#### Exercise data:
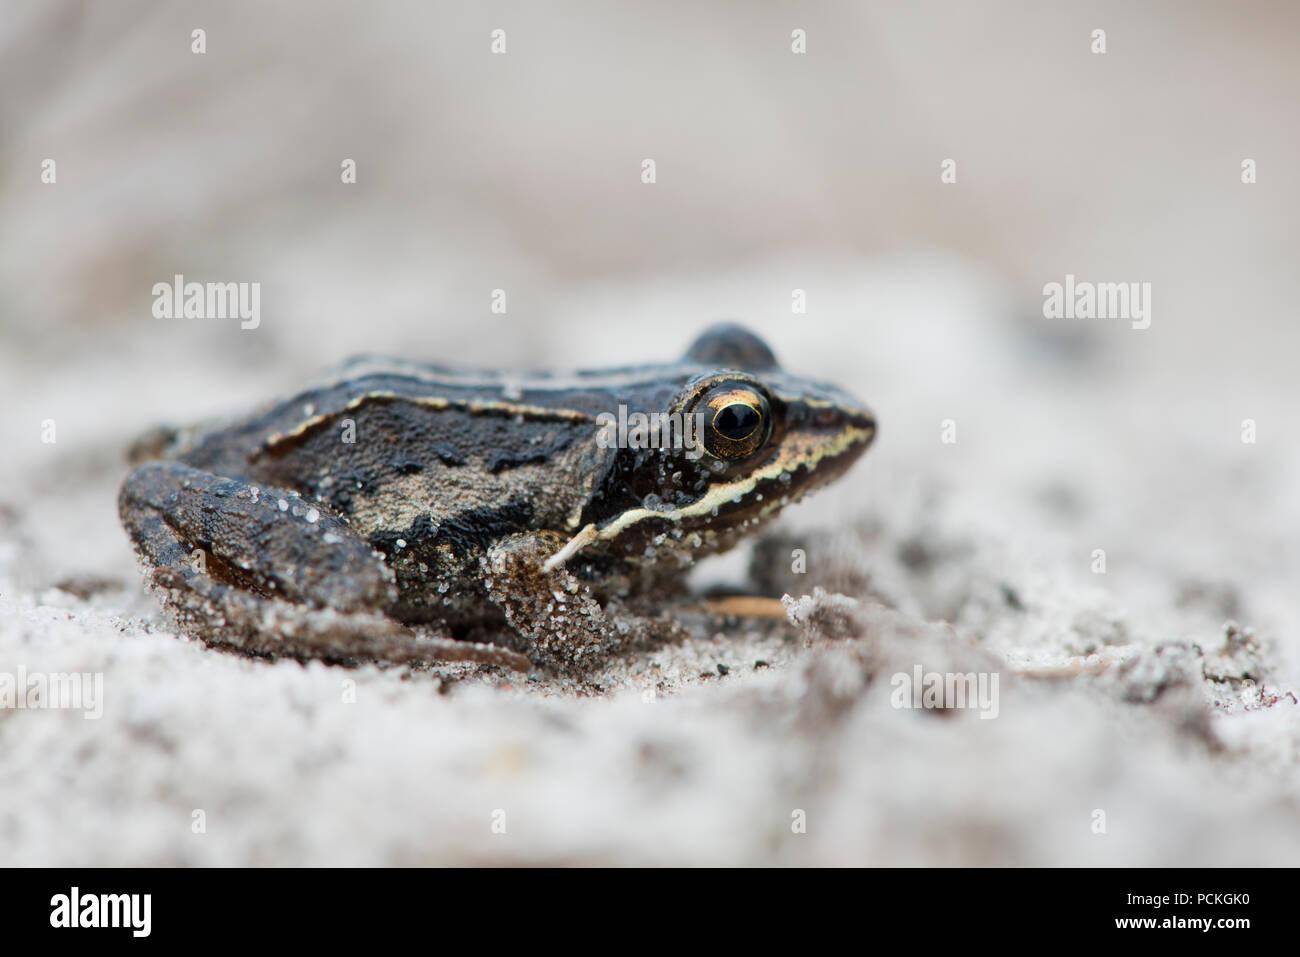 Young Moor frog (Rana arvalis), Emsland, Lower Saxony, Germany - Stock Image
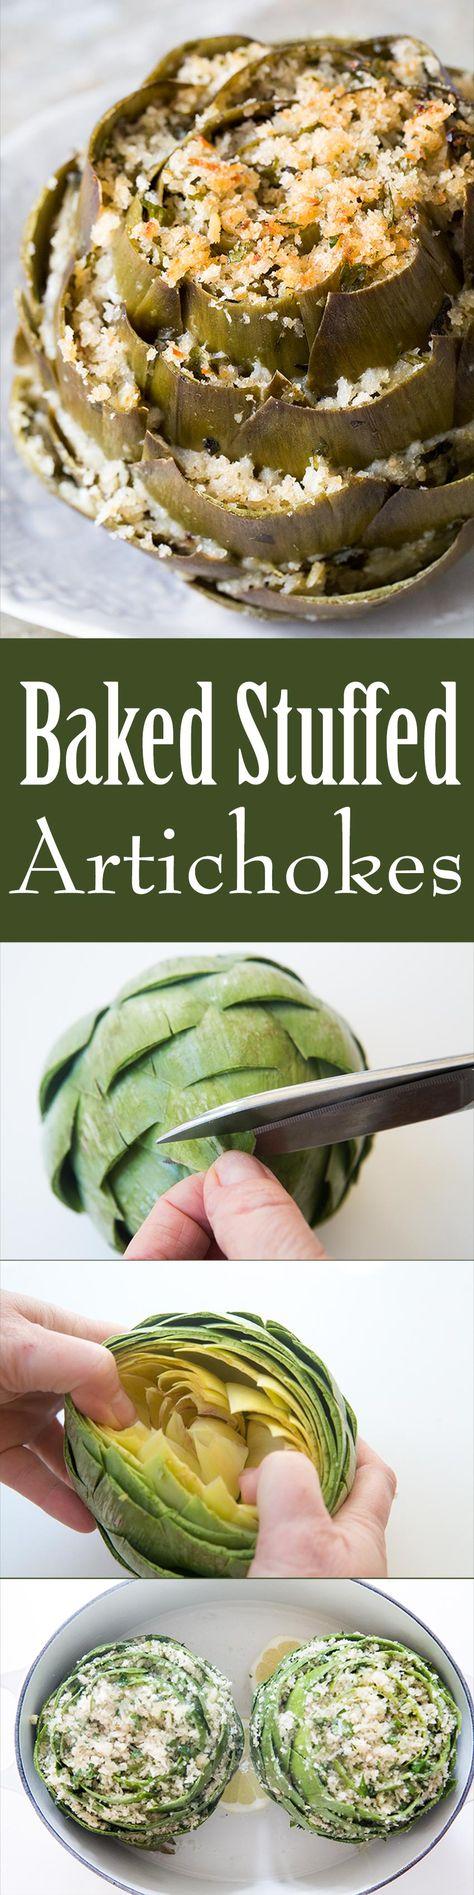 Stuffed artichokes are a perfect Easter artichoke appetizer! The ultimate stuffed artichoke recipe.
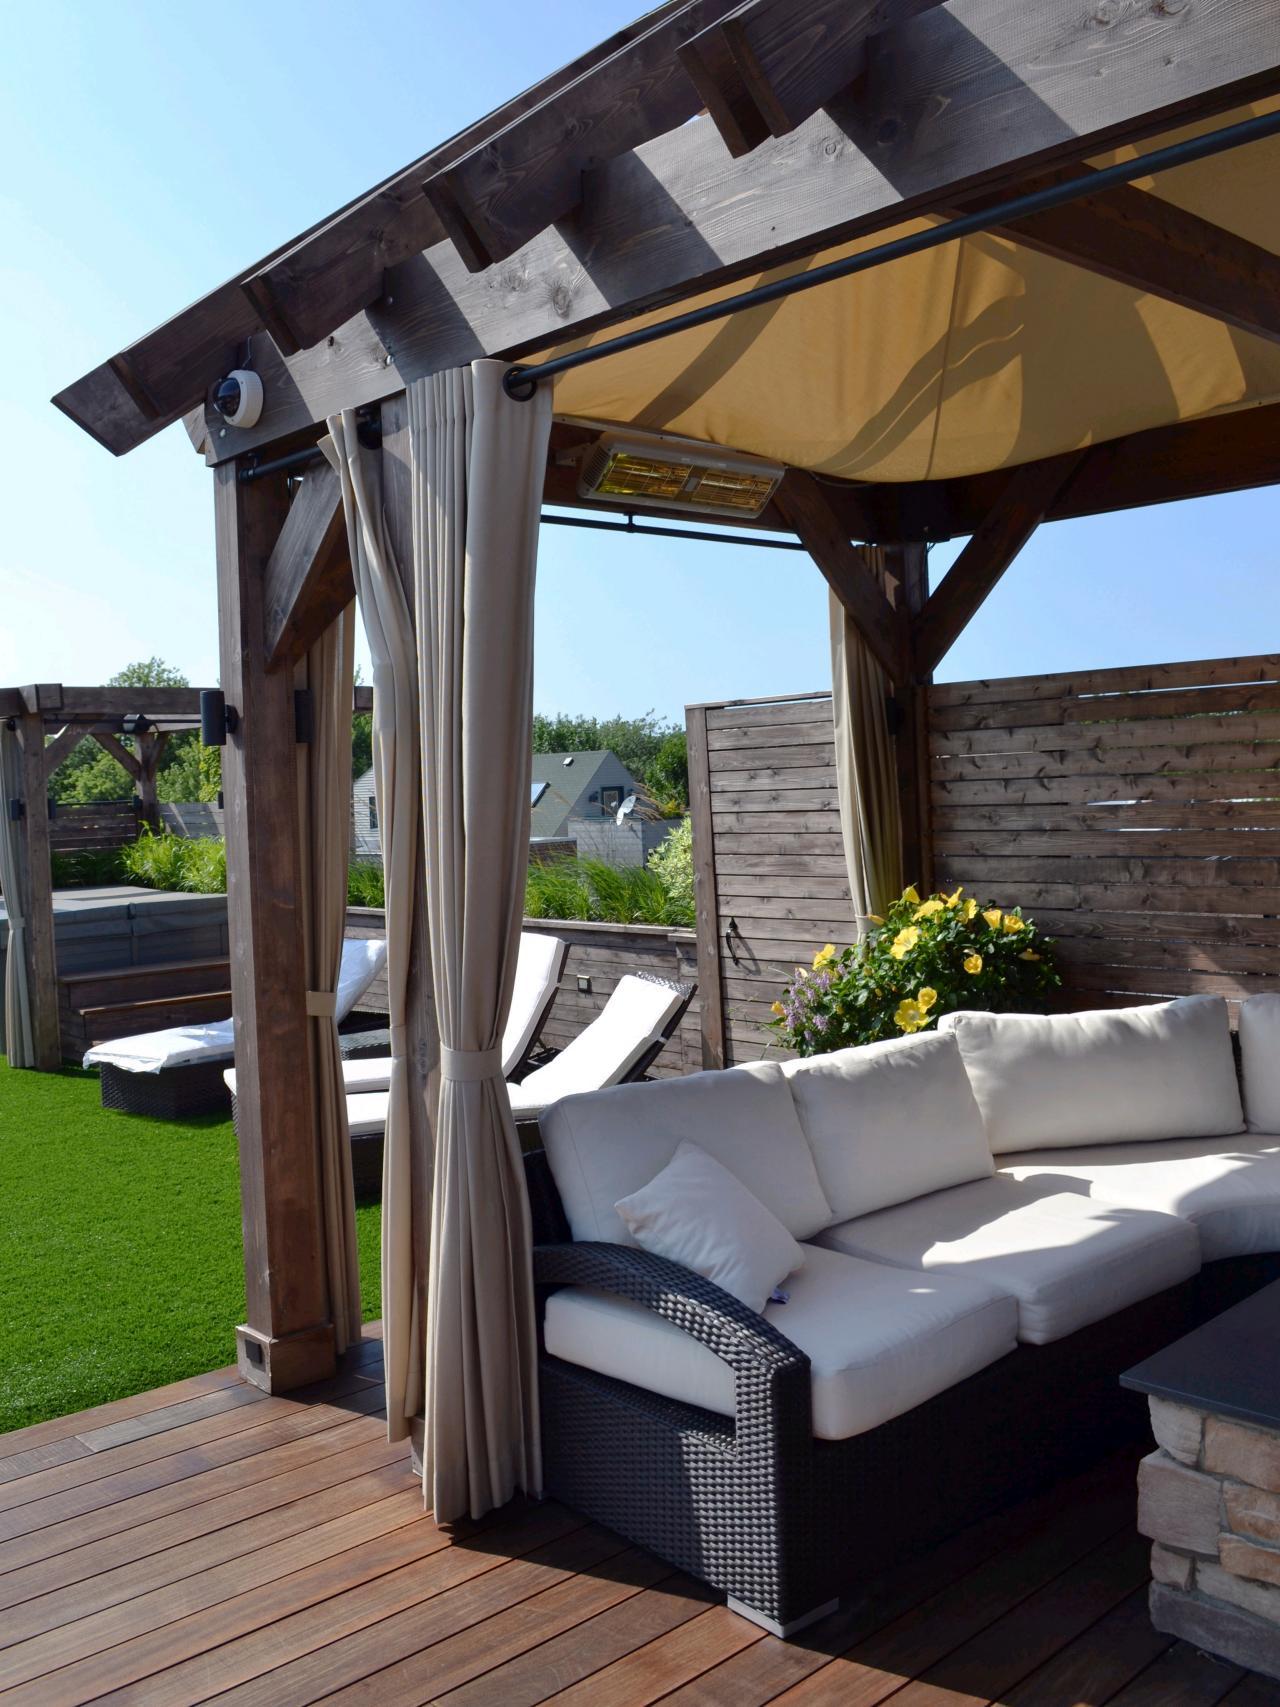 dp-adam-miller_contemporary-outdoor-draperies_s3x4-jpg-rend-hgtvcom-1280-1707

#### Work required:
Transcribe the data word for word, with no images.

#### Answer to the exercise:
 Young Moor frog (Rana arvalis), Emsland, Lower Saxony, Germany - Stock Image
 Stuffed artichokes are a perfect Easter artichoke appetizer! The ultimate stuffed artichoke recipe.
 dp-adam-miller_contemporary-outdoor-draperies_s3x4-jpg-rend-hgtvcom-1280-1707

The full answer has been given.